- Directed by: Vít Olmer
- Written by: Radek John; Vít Olmer;
- Produced by: Jaromír Lukás
- Starring: Jan Potměšil
- Cinematography: Ota Kopriva
- Edited by: Ivana Kacírková
- Music by: Ondřej Soukup
- Release date: July 1988;
- Running time: 90 minutes
- Country: Czechoslovakia
- Language: Czech

= Bony a klid =

1988 Czechoslovak drama film

Bony a klid is a Czechoslovak drama film directed by Vít Olmer. It was released in 1988. A sequel, Bony a klid 2 came out in 2014.

==Synopsis==
Set in Prague, the story centres on Martin, a young man from Mladá Boleslav, who becomes a victim of fraud committed by Richard, a currency dealer. Seeking to get his money back, he attempts to track Richard down and eventually joins his gang, which consists of Hary, Bíny, and Slepejš. He quickly adapts to the lifestyle of big money, debauched parties, prostitutes, and police raids. Bíny betrays one of their deals to a rival gang, led by Karel, and they find themselves on the run from the police. They attempt to seek shelter in Mladá Boleslav but are eventually found.

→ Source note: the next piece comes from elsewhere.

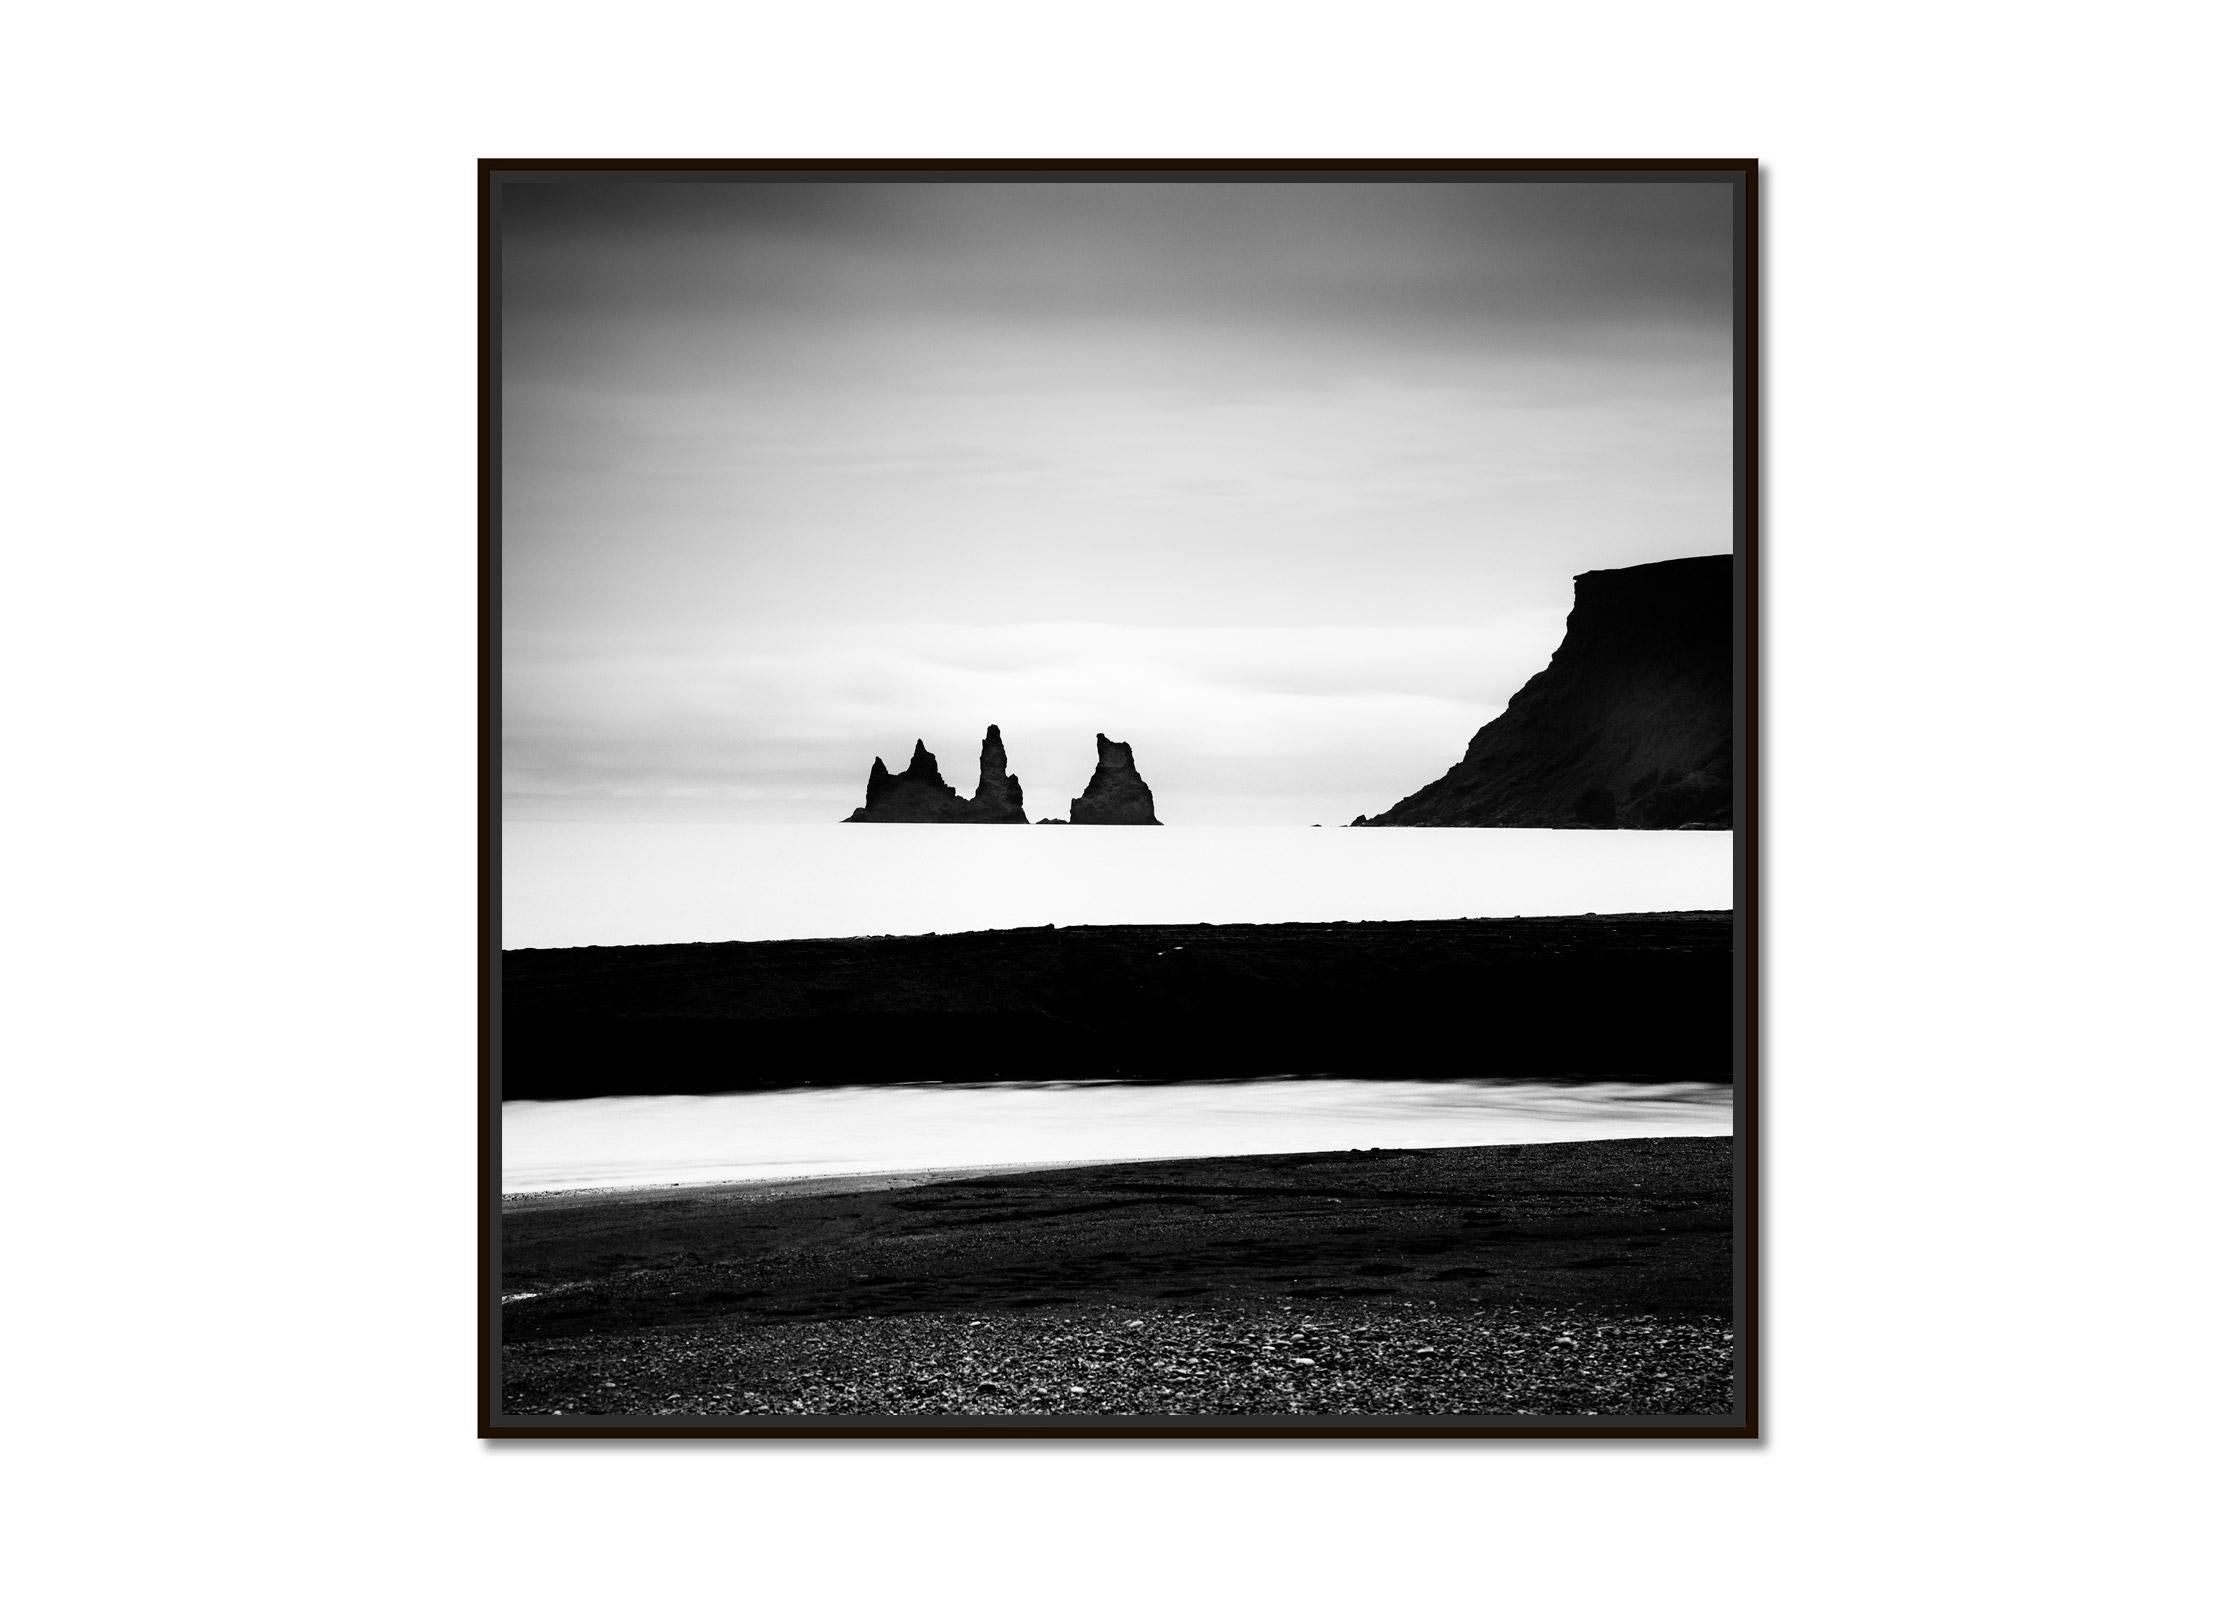 Reynisdrangar, plage de sable noir, Islande, photographie noir et blanc, paysage - Photograph de Gerald Berghammer
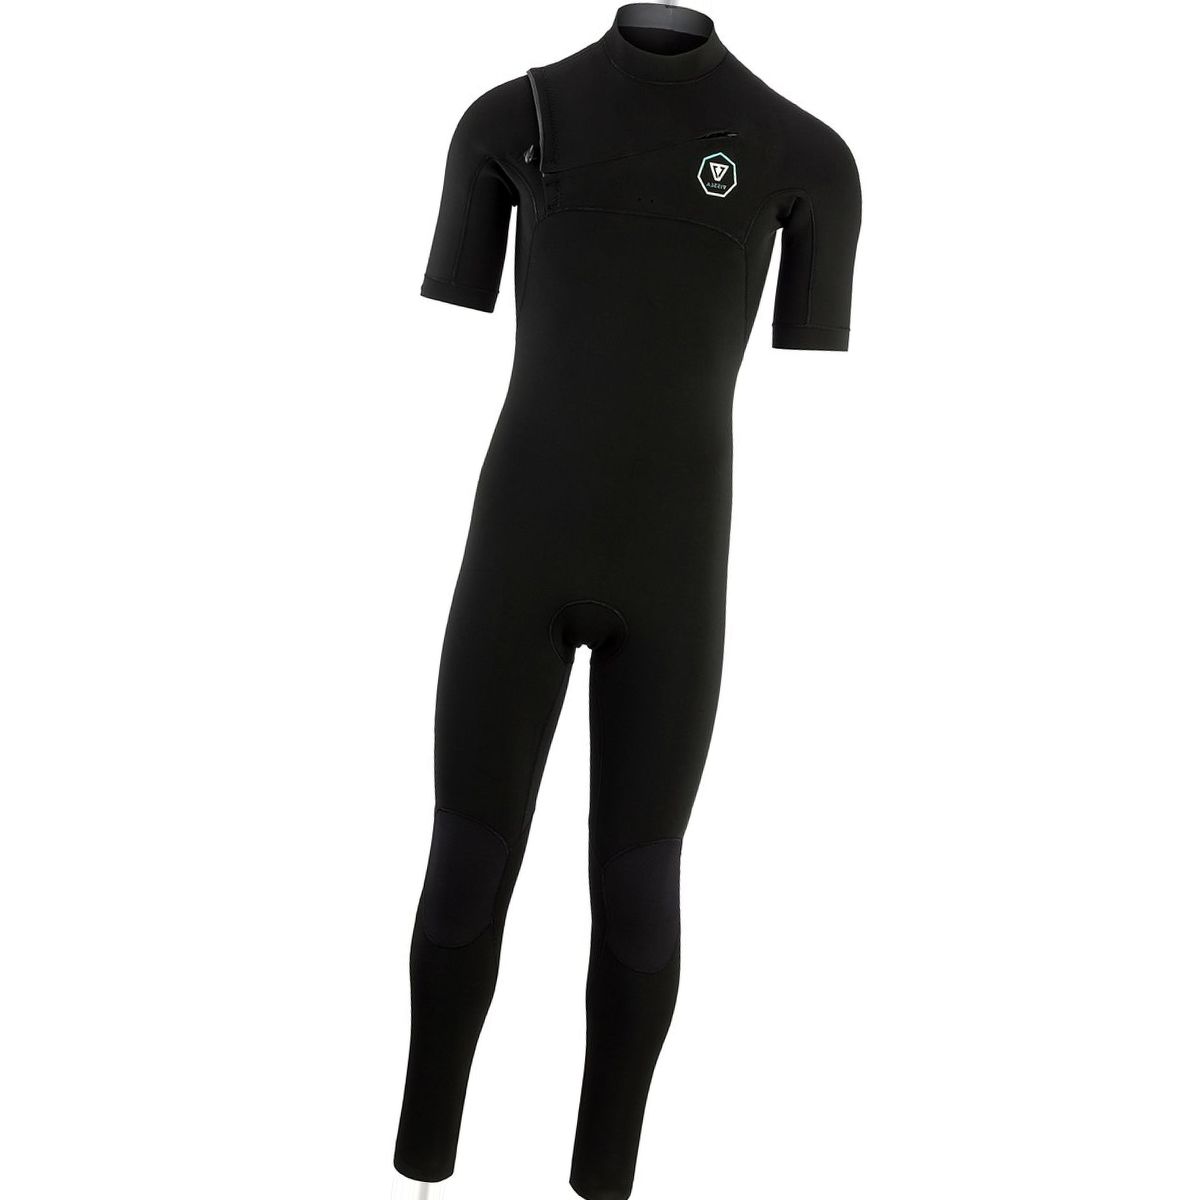 Vissla The 7 Seas 2/2 Short- Sleeve Full Wetsuit - Men's

During the chase, Hary falls to his death from a balcony. The gang appears in court, and they are sentenced to serve jail time. It is strongly suggested that Karel has an influence over the judge.

==Cast==
- Jan Potměšil as Martin
- Veronika Jeníková as Eva
- Josef Nedorost as Richard
- Tomáš Hanák as Hary
- Roman Skamene as Bíny
- Miloslav Kopečný as Slepejš
- Vítězslav Jirsák as Martin's father
- Milos Čálek as Benák
- František Švihlík as Karel

==Music==
The film is set to the music of Frankie Goes to Hollywood ("Relax", "The Power of Love", "The World Is My Oyster") as well as two songs by Charles Shaw and Silvia Brown (Hold Me Baby and I Leave It Up to You). The soundtrack cover art was designed by Jiří Kovanda.